▶ _EXERCISE DESCRIPTION_
In your copy, leave out the pictures and reproduce the listing below exactly.

▶ _PROVIDED DATA_
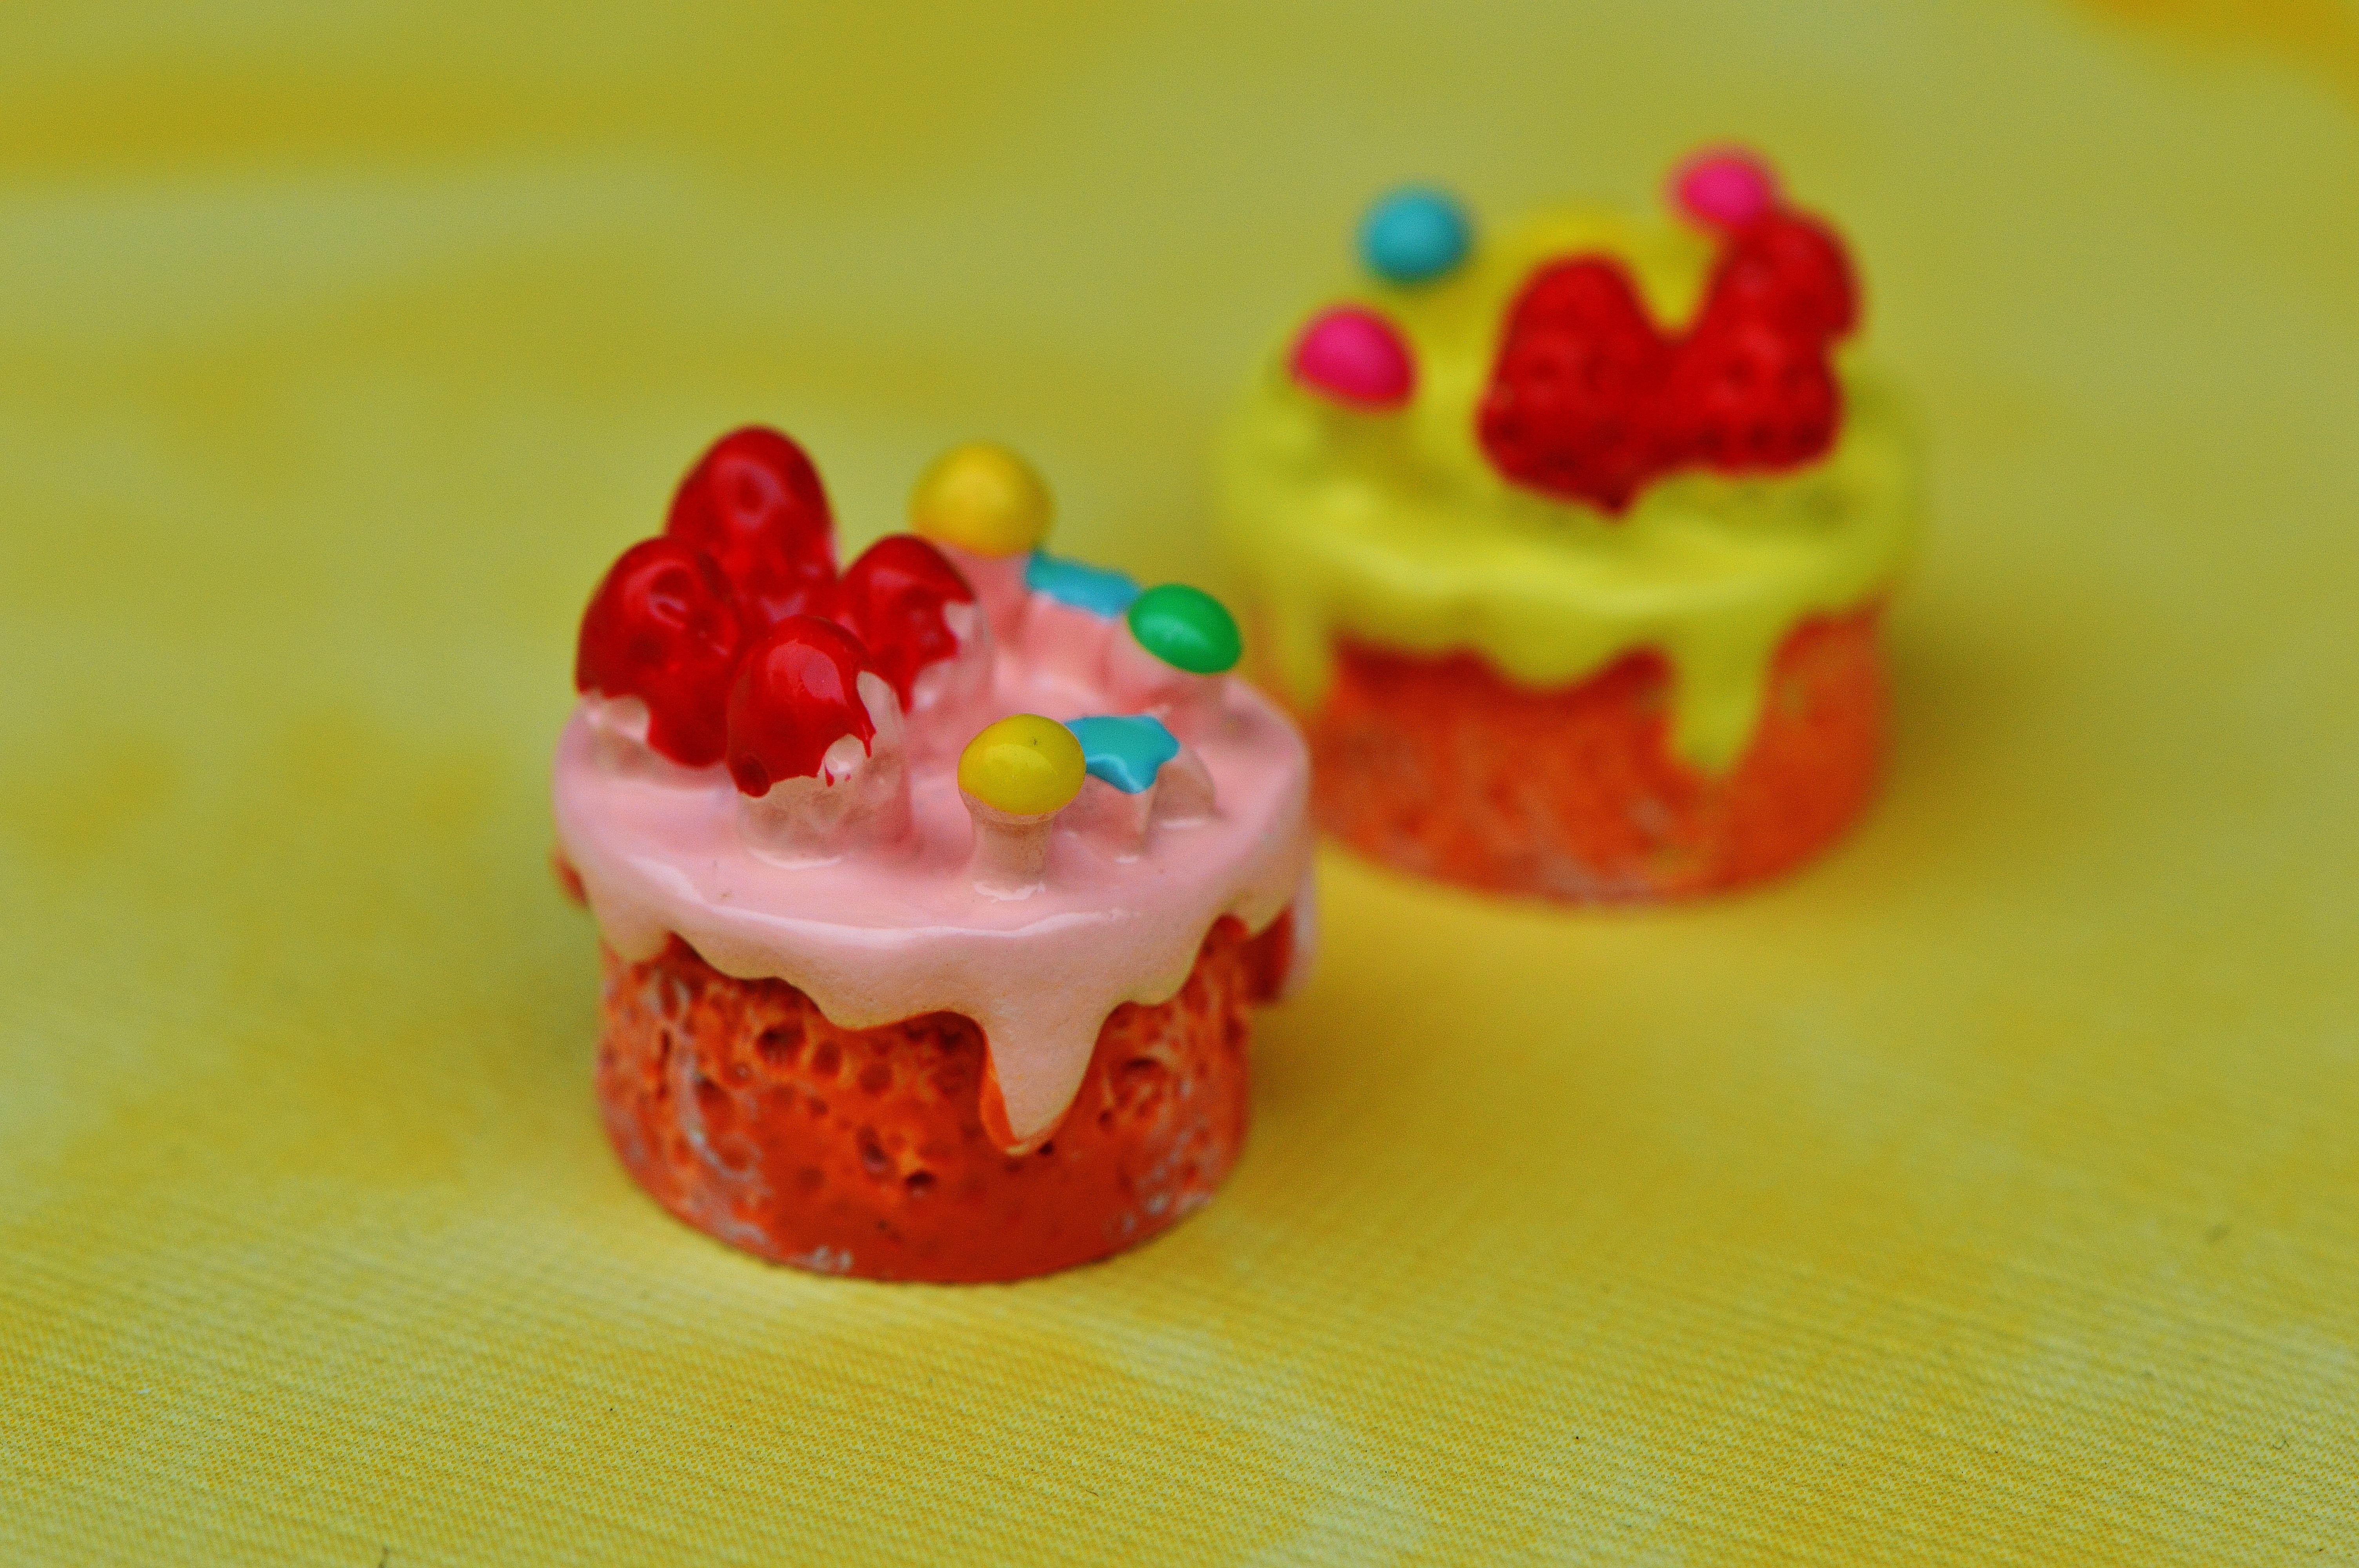 flor decoracin comida rojo produce cermico magdalena postre juguete pastel deco miniatura formacin de hielo gracioso
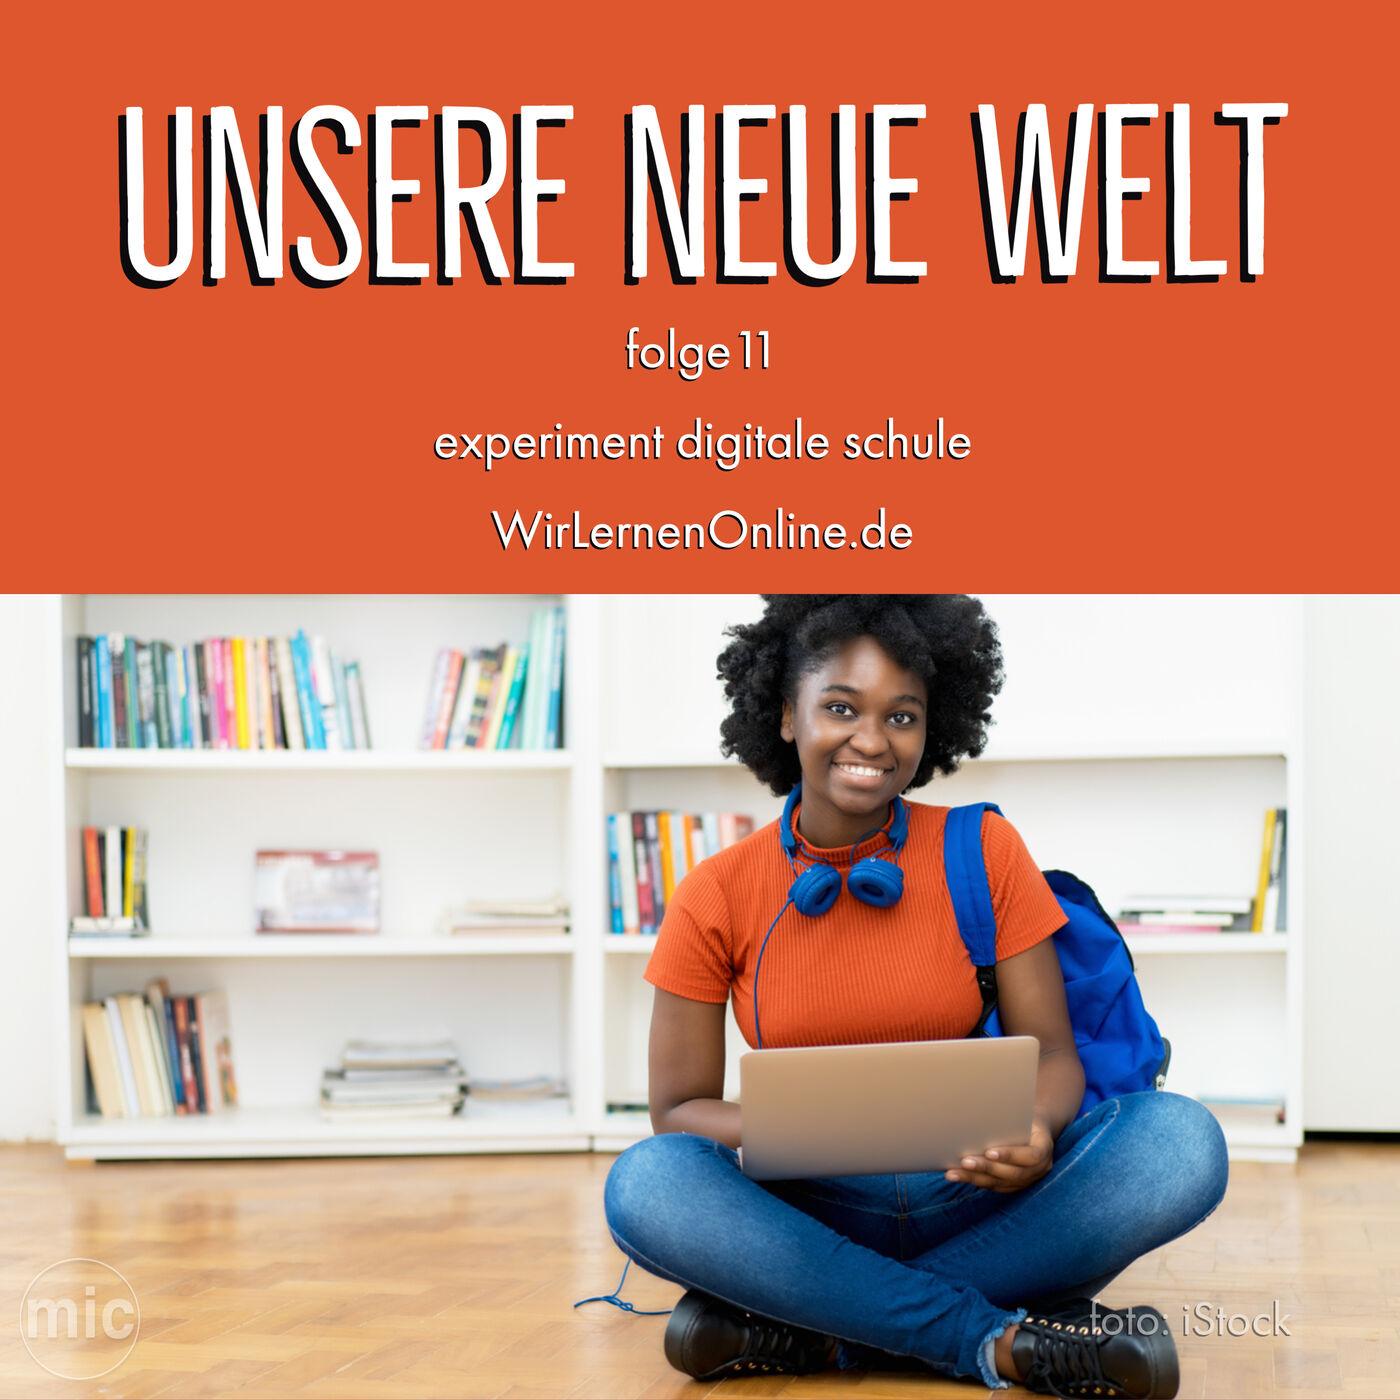 experiment digitale schule - WirLernenOnline.de
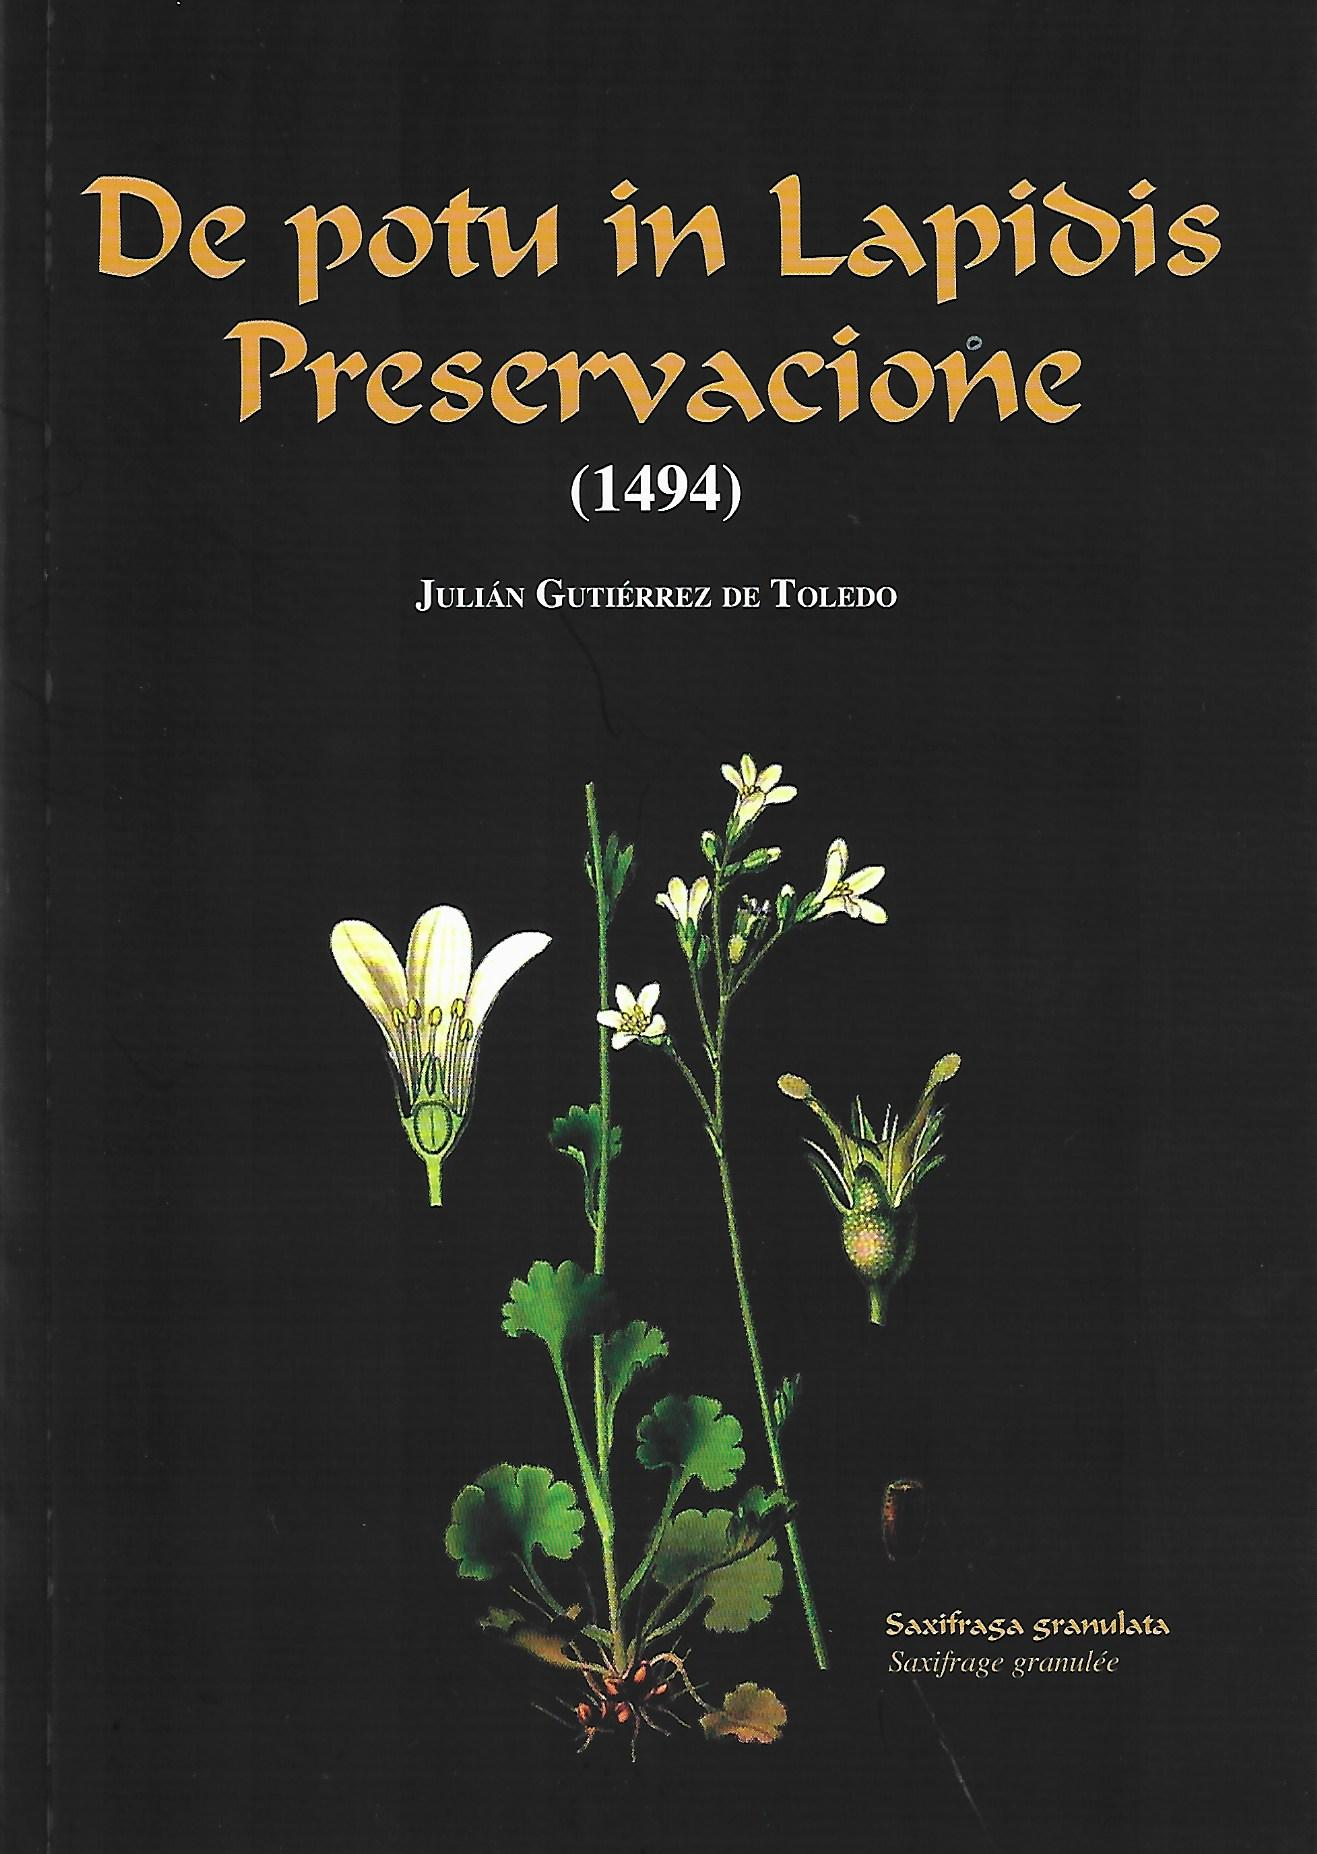 De potu in Lapidus preservacione (1494)
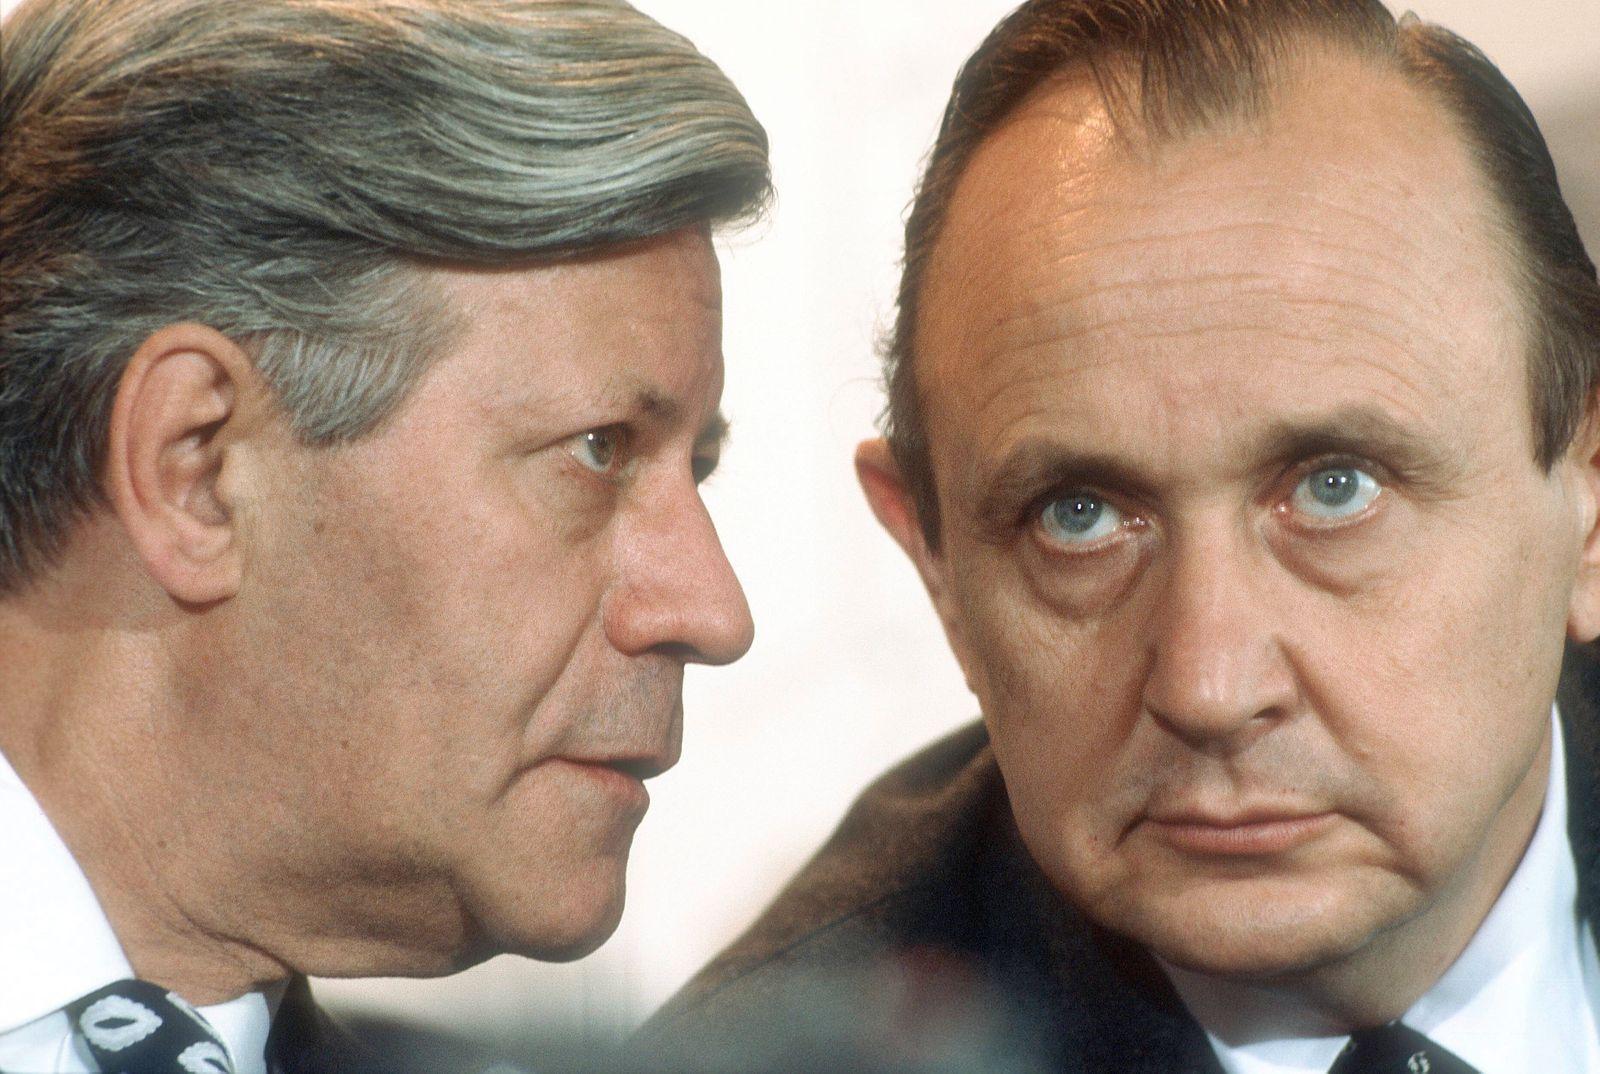 Bundesaussenminister Hans-Dietrich GENSCHER (r), FDP, und Bundeskanzler Helmut SCHMIDT , SPD. Bonn , 1977 , , Bonn Deut

▶ _WRITTEN RESPONSE_
 flor decoracin comida rojo produce cermico magdalena postre juguete pastel deco miniatura formacin de hielo gracioso
 experiment digitale schule - WirLernenOnline.de
 De potu in Lapidus preservacione (1494)
 Bundesaussenminister Hans-Dietrich GENSCHER (r), FDP, und Bundeskanzler Helmut SCHMIDT , SPD. Bonn , 1977 , , Bonn Deut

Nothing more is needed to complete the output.